It looks like Elasticsearch is aware of the imbalance and is moving shards to address it. This rebalancing process takes time.
$ grep es-shards.txt -e RELOCATING
daas-arm-prod-users-2019-10 4 r RELOCATING 13259050 59.4gb 10.187.72.6 arm-lc-004_data -> 10.187.72.4 Be-sYmy7TJquJWCAmZ2aSA arm-lc-002_data
daas-arm-prod-users-2019-09 3 p RELOCATING 16503328 69.7gb 10.187.72.6 arm-lc-004_data -> 10.187.72.4 Be-sYmy7TJquJWCAmZ2aSA arm-lc-002_data
Some of your indices have far too many shards that are far too small. E.g. daas-arm-int-dataflow-2019-10
has 10 shards all smaller than 70MB. Indices like this should have one shard.
You have some excessively tiny daily indices too, e.g. kafka-metrics-*
and jmx-*
. These would be better as one-shard monthly indices.
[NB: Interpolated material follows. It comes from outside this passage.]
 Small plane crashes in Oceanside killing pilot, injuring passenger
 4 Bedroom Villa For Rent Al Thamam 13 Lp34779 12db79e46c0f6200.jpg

Other shards look to be time-based but are surprisingly large. E.g. daas-arm-prod-users-2019-10
has 20 shards all in the region of 60GB. 60GB shards are fine, but why put 20 of them into one index? Would you be able to have fewer shards at once and use rollover to start a new index when the old one gets too big?